Set down, exactly and only, everything from the line containing "925 silver Peridot" down to the line containing "The Second Language" in the data below; the pictures are not part of the copy.

### Data extract
_ _ _ _ _ _ _
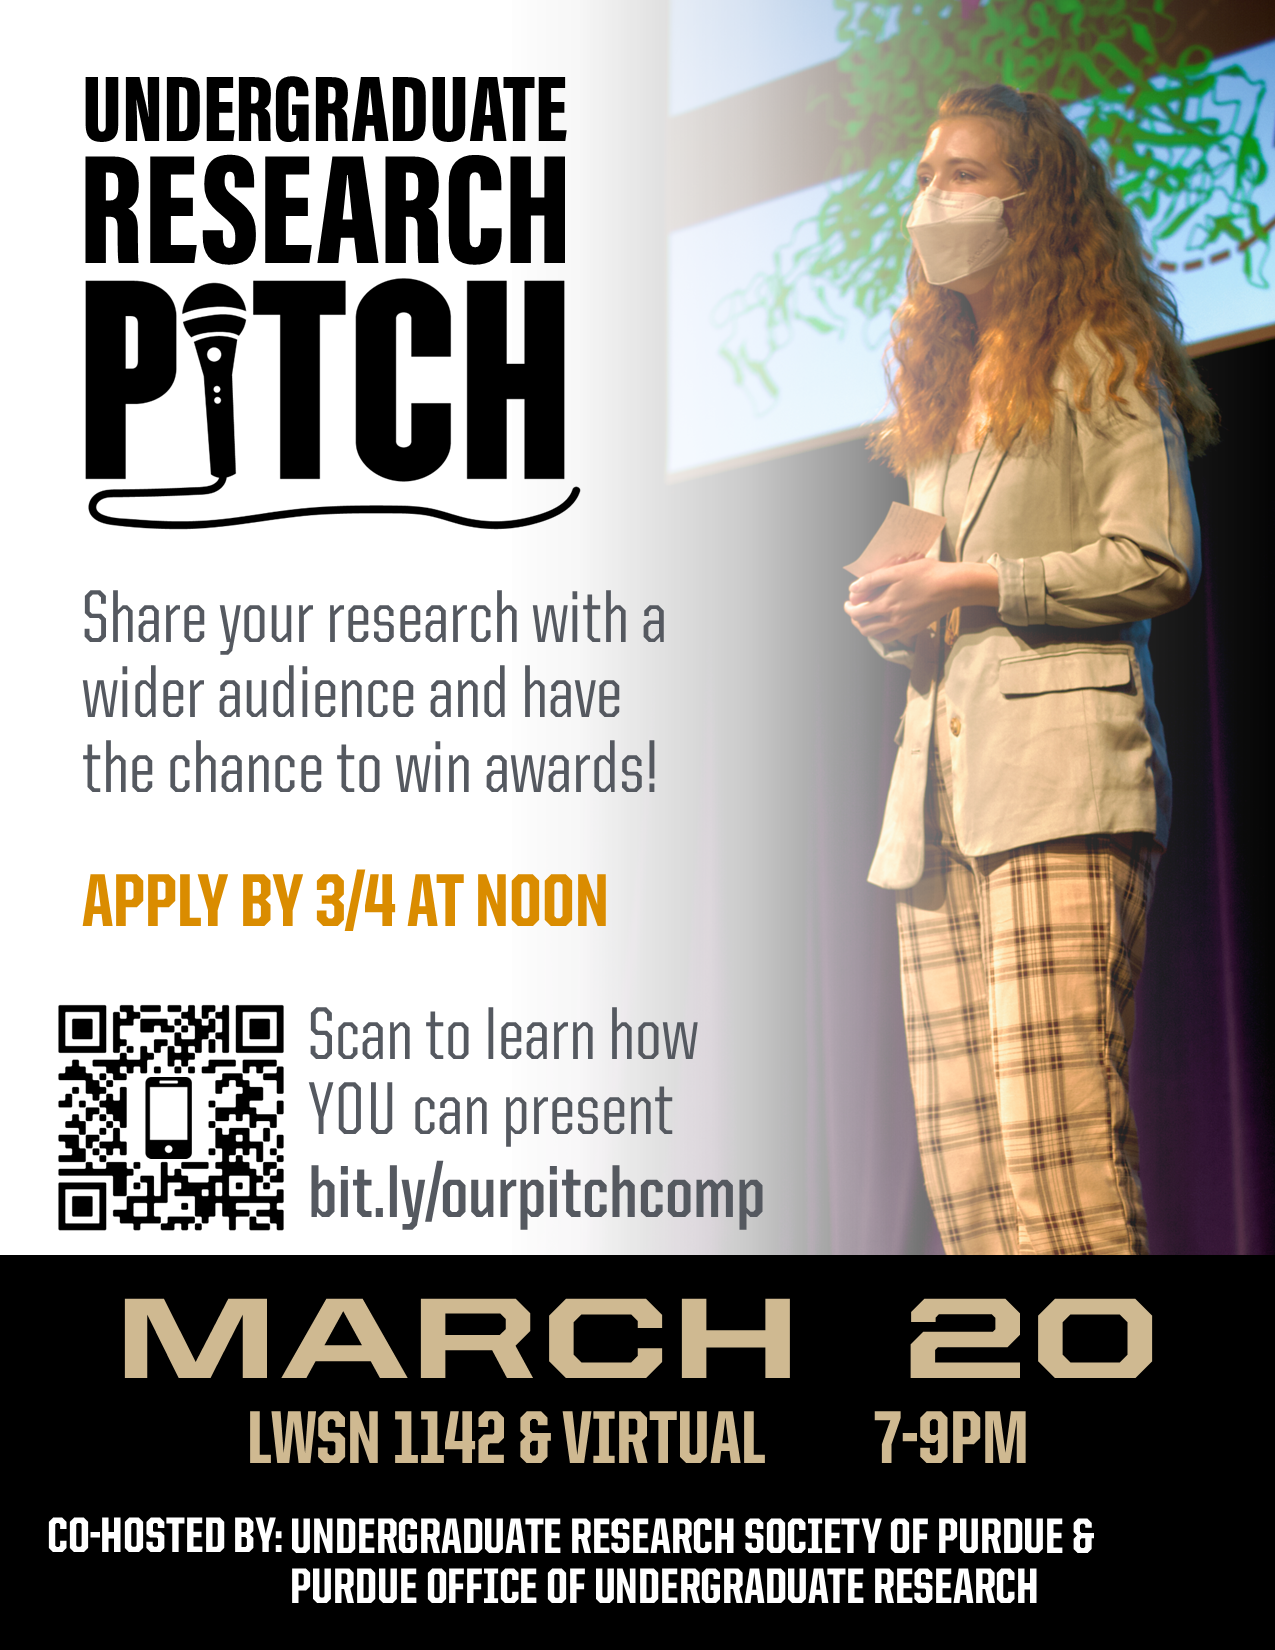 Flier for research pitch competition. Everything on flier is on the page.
_ _ _ _ _ _ _
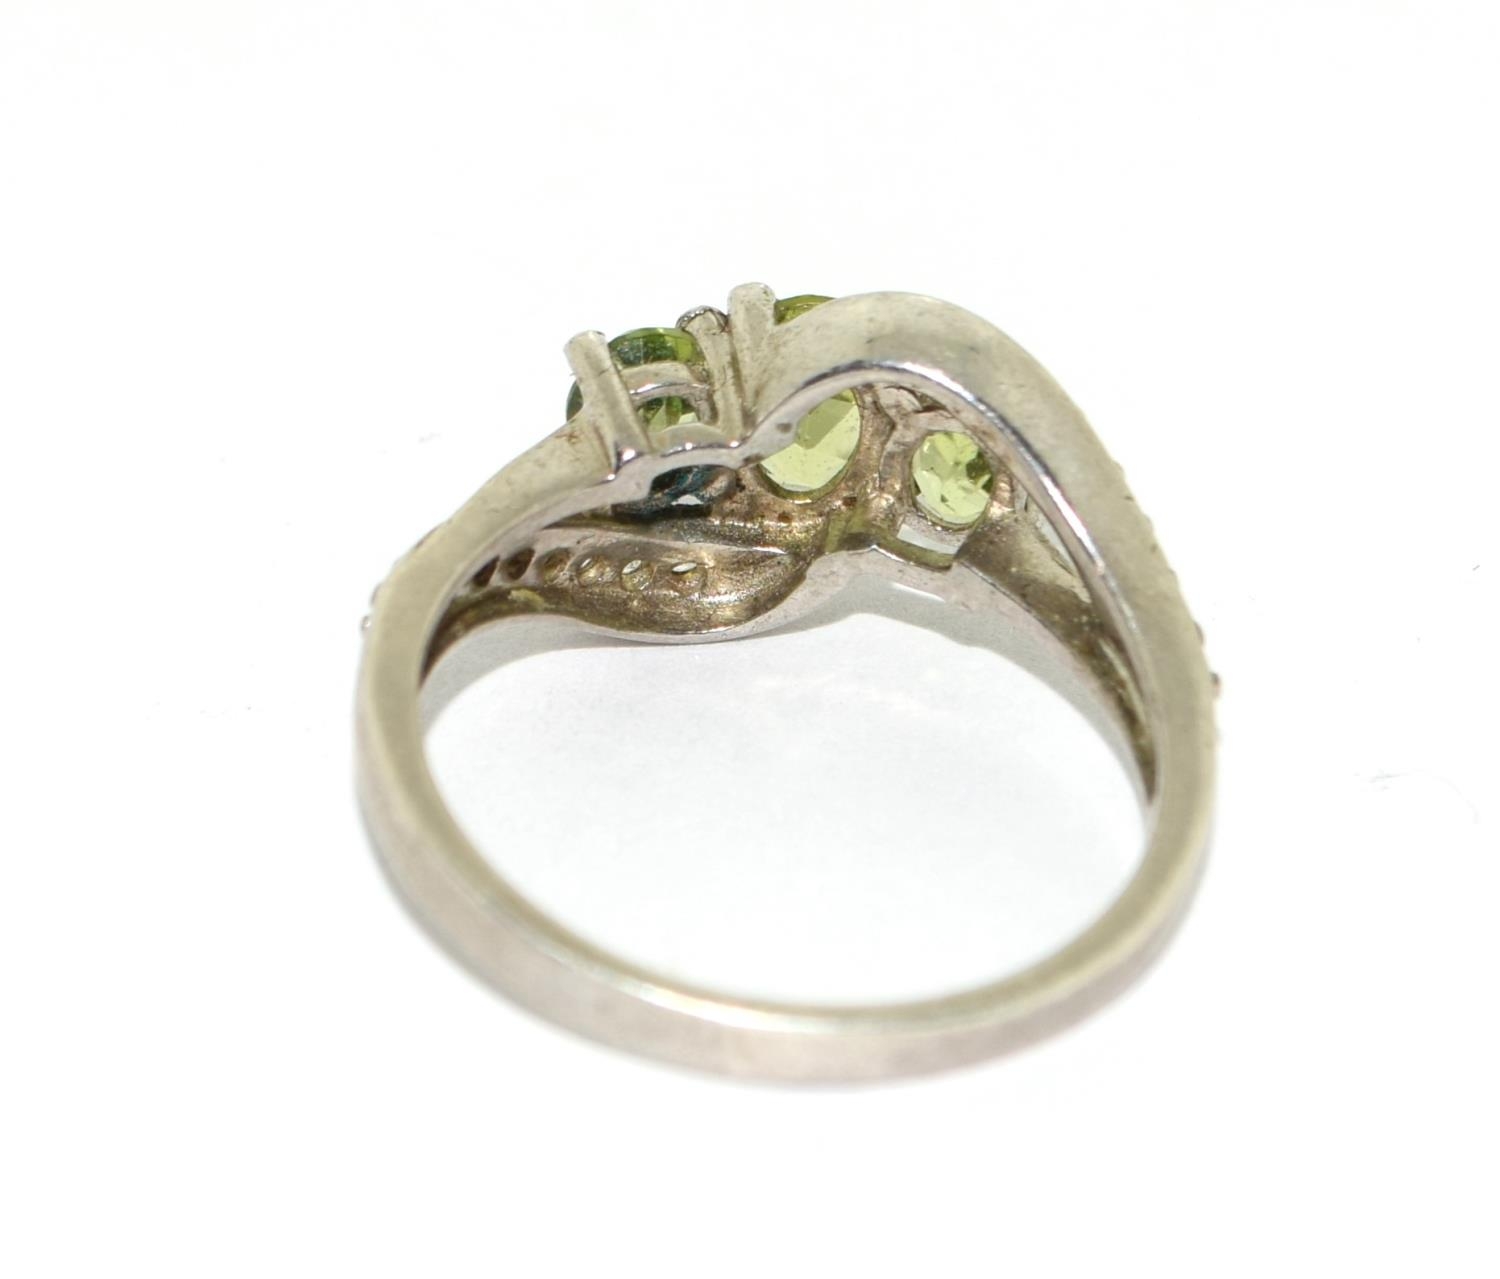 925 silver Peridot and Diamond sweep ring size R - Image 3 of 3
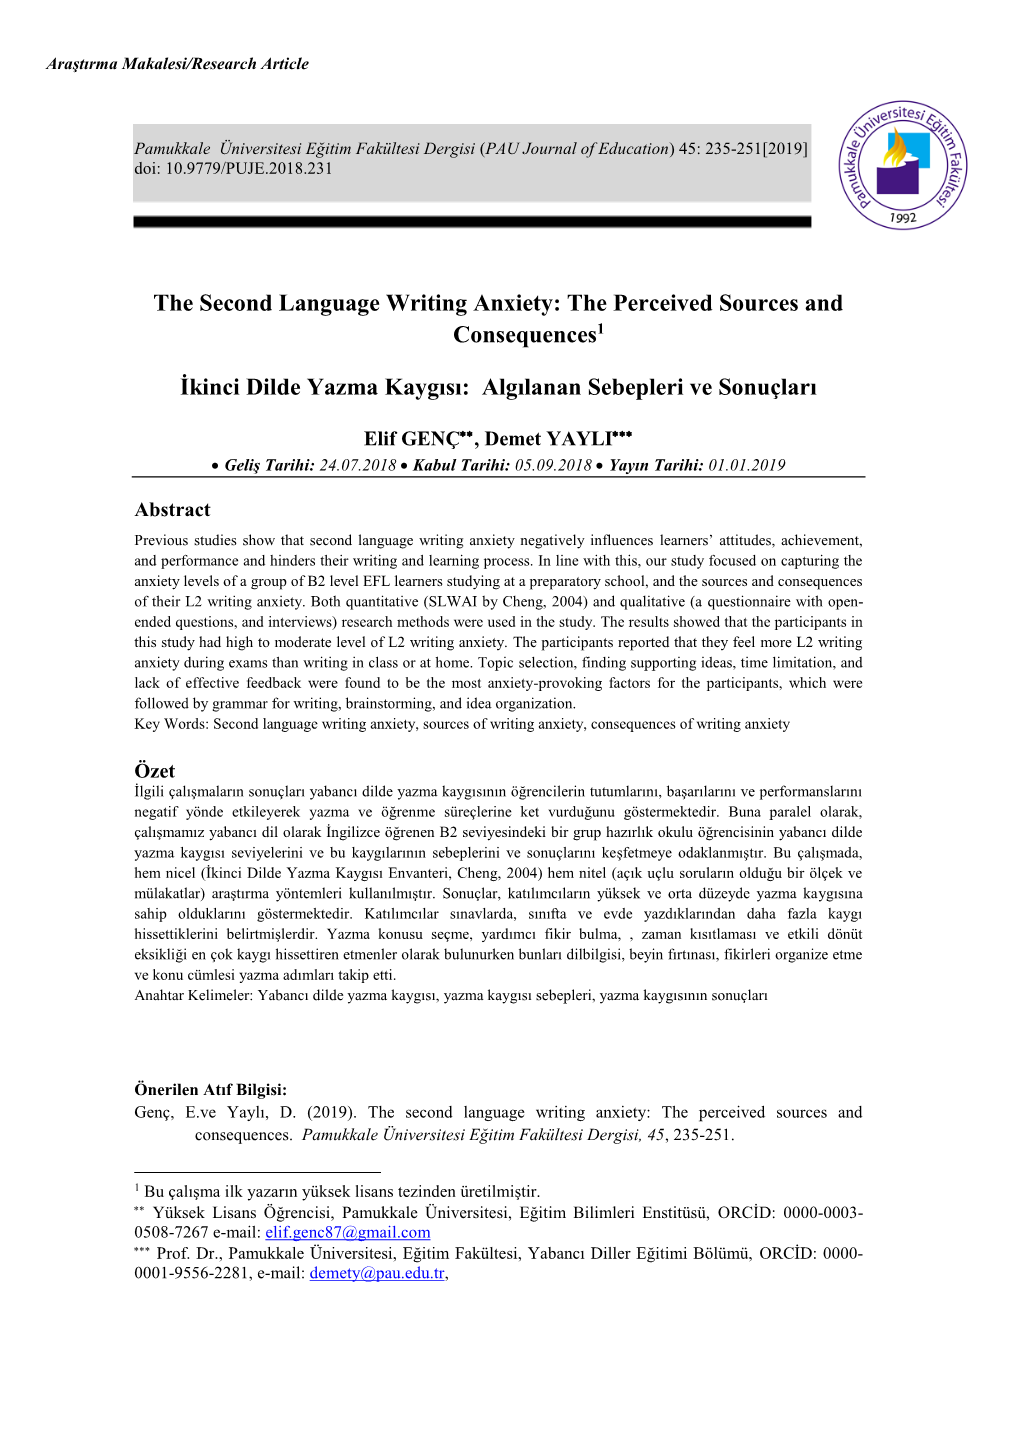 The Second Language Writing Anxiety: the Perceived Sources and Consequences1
_ _ _ _ _ _ _
### Answer box
 925 silver Peridot and Diamond sweep ring size R - Image 3 of 3
 The Second Language Writing Anxiety: the Perceived Sources and Consequences1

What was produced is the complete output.